The gap between the plates of a parallel plate capacitor is filled with glass of dielectric constant k = 6 and of specific resistivity 100 G$\mathrm{\Omega }$m. The capacitance of the capacitor is 4.0nF . When a voltage of 2.0kV is applied to the capacitor, the  leakage current of the capacitor will be

Let Q₀ be the initial charge on the capacitor and  V₀ its initial potential. Let A be the area of the plates and $\mathrm{\ell }$ be the distance between them.
Capacitance C of the capacitor is $\mathrm{C}=\frac{{\mathrm{k\epsilon }}_0\mathrm{A}}{\mathrm{\ell }}$
Resistance of the capacitor is $\mathrm{R}=\frac{\mathrm{\rho \ell }}{\mathrm{A}}=\frac{{\mathrm{\rho k\epsilon }}_0}{\mathrm{C}}$
If q be the charge at time t, then the leakage current 
i is  $\mathrm{i}=\frac{\mathrm{dq}}{\mathrm{dt}}=\frac{\mathrm{V}}{\mathrm{R}}$ where V is the volt age across the capacitor at time t.

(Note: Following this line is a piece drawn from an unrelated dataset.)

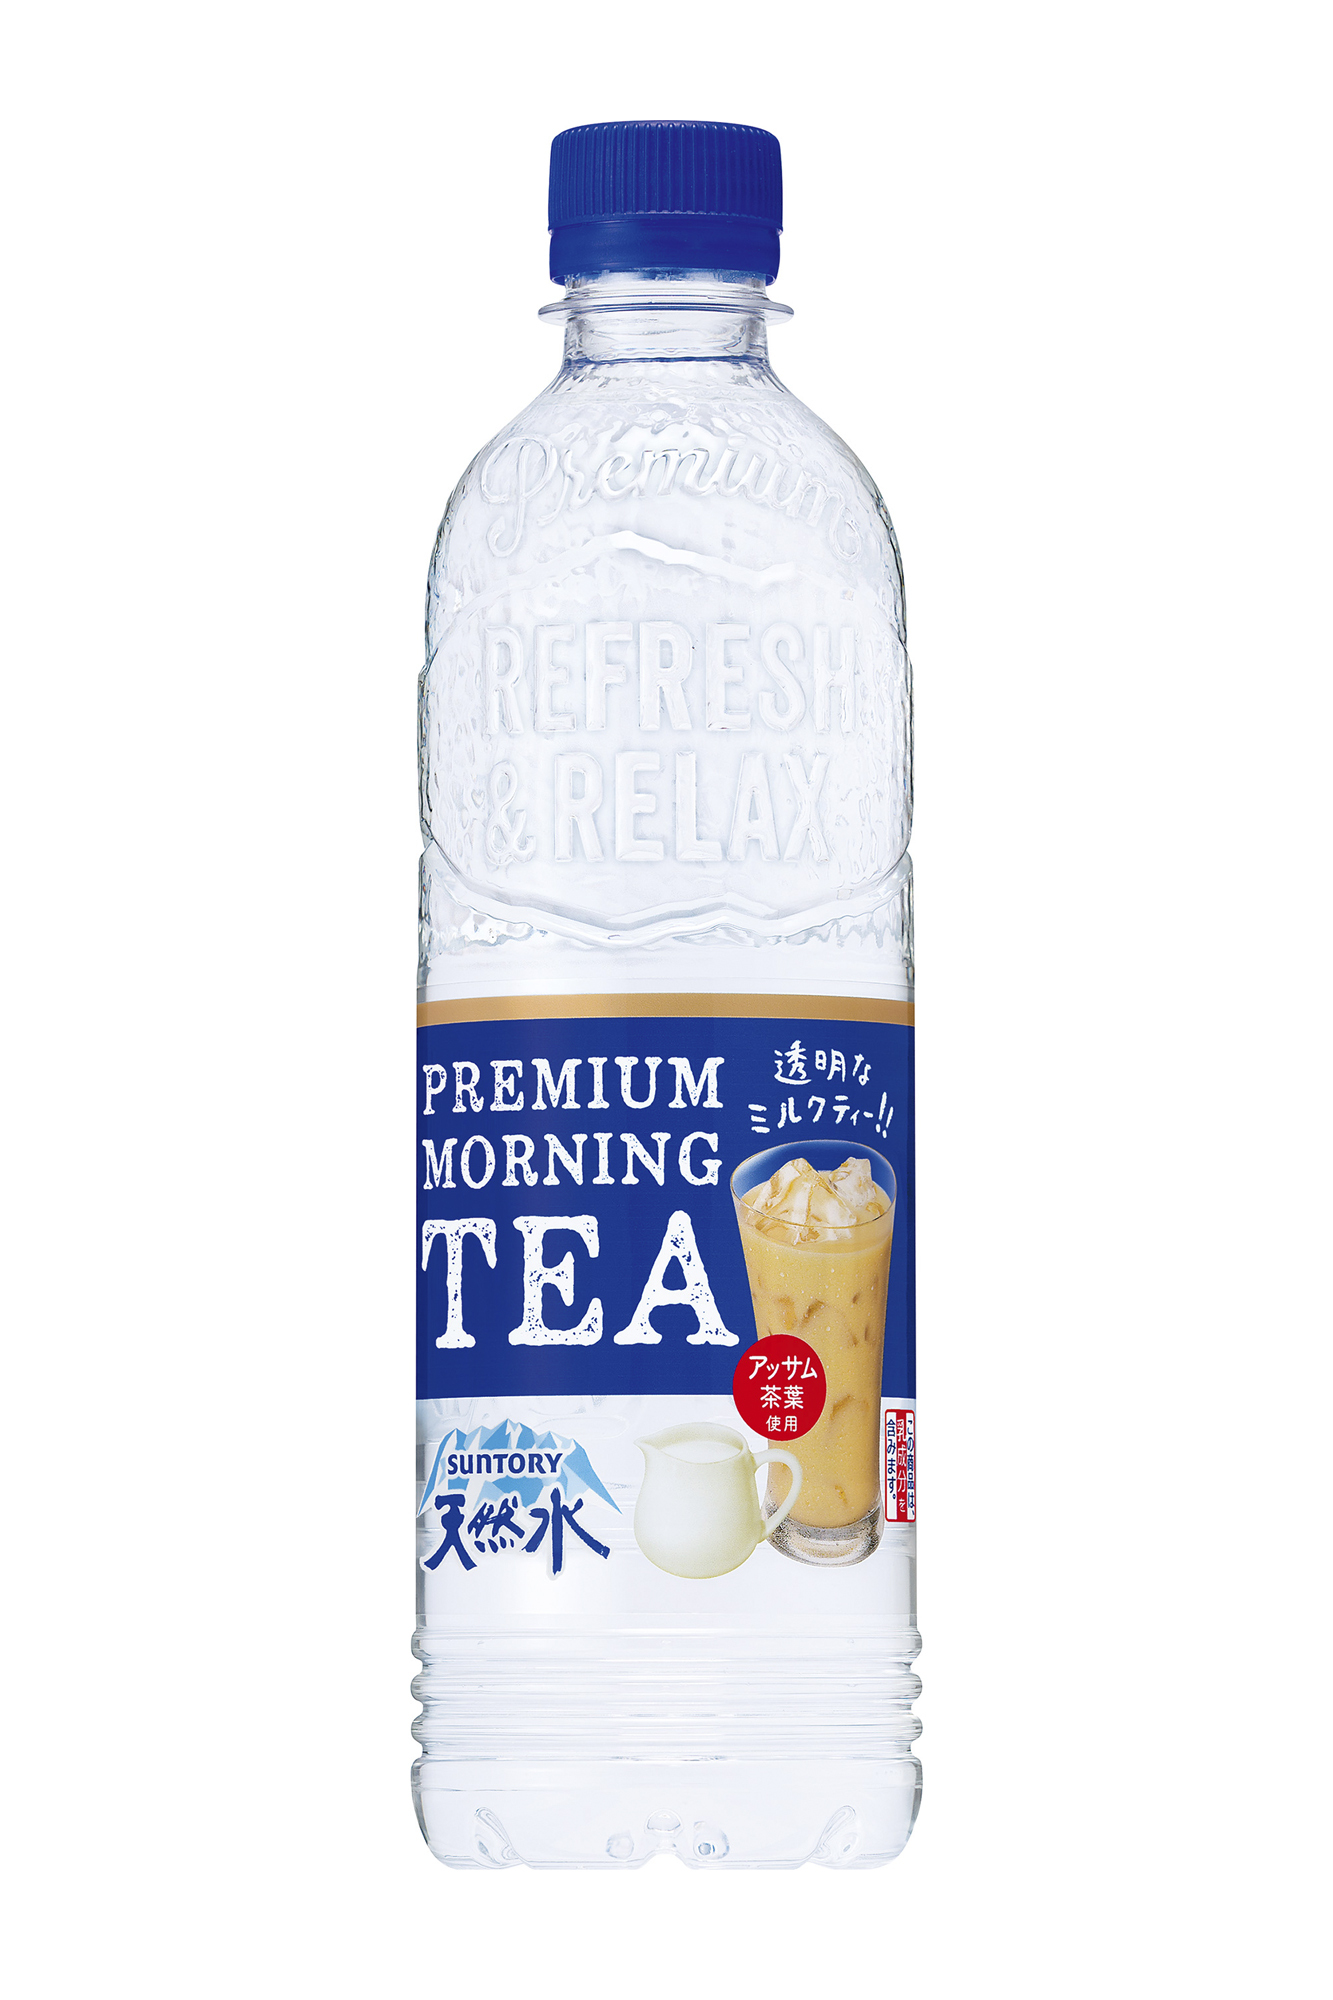 Nước lọc vị trà sữa Premium Morning Tea Suntory - 550ml

But q = CV
Hence $\mathrm{i}=\frac{\mathrm{dq}}{\mathrm{dt}}=\mathrm{C}\frac{\mathrm{dV}}{\mathrm{dt}}=\frac{\mathrm{V}}{\mathrm{R}}$
Hence $\frac{\mathrm{dV}}{\mathrm{V}}=-\frac{1}{\mathrm{CR}}\mathrm{dt}$The minus sign is because dV is negative.
Integrating between limits, $\mathrm{V}={\mathrm{V}}_0\exp \left(-\frac{\mathrm{t}}{\mathrm{CR}}\right)$
Hence , $\mathrm{i}=\frac{\mathrm{V}}{\mathrm{R}}=\frac{{\mathrm{V}}_0}{\mathrm{R}}\exp \left(-\frac{\mathrm{t}}{\mathrm{CR}}\right)$